Research Papers

Snapping of a Planar Elastica With Fixed End Slopes

[+] Author and Article Information
Jen-San Chen1

Department of Mechanical Engineering, National Taiwan University, Taipei 10617, Taiwanjschen@ntu.edu.tw

Yong-Zhi Lin

Department of Mechanical Engineering, National Taiwan University, Taipei 10617, Taiwan


Corresponding author.

J. Appl. Mech 75(4), 041024 (May 20, 2008) (6 pages) doi:10.1115/1.2871207 History: Received July 30, 2007; Revised November 08, 2007; Published May 20, 2008

In this paper, we study the deformation and stability of a planar elastica. One end of the elastica is clamped and fixed in space. The other end of the elastica is also clamped, but the clamp itself is allowed to slide along a linear track with a slope different from that of the fixed clamp.

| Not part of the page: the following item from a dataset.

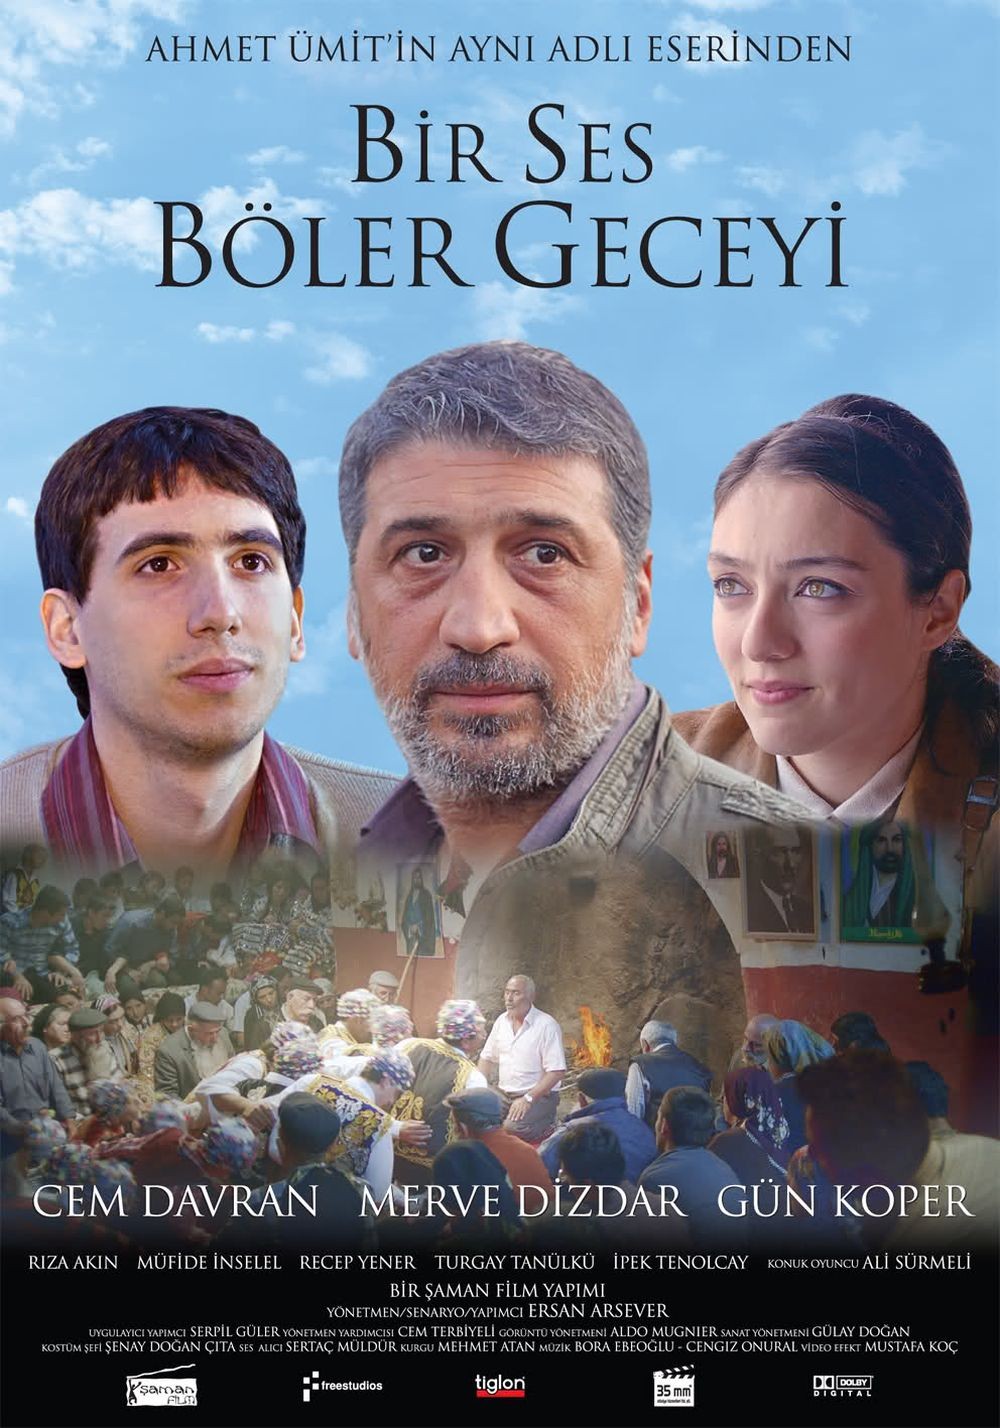 Extra Large Movie Poster Image for Bir ses böler geceyi

The elastica deforms after it is subjected to an external pushing force on the moving clamp. It is observed that when the pushing force reaches a critical value, snapping may occur as the elastica jumps from one configuration to another remotely away from the original one. In the theoretical investigation, we calculate the static load-deflection curve for a specified slope difference between the fixed clamp and the moving clamp. To study the stability of the equilibrium configuration, we superpose the equilibrium configuration with a small perturbation and calculate the natural frequencies of the deformed elastica. An experimental setup is designed to measure the load-deflection curve and the natural frequencies of the elastica. The measured load-deflection relation agrees with the theoretical prediction very well. On the other hand, the measured natural frequencies do not agree very well with the theoretical prediction, unless the mass of the moving clamp is taken into account.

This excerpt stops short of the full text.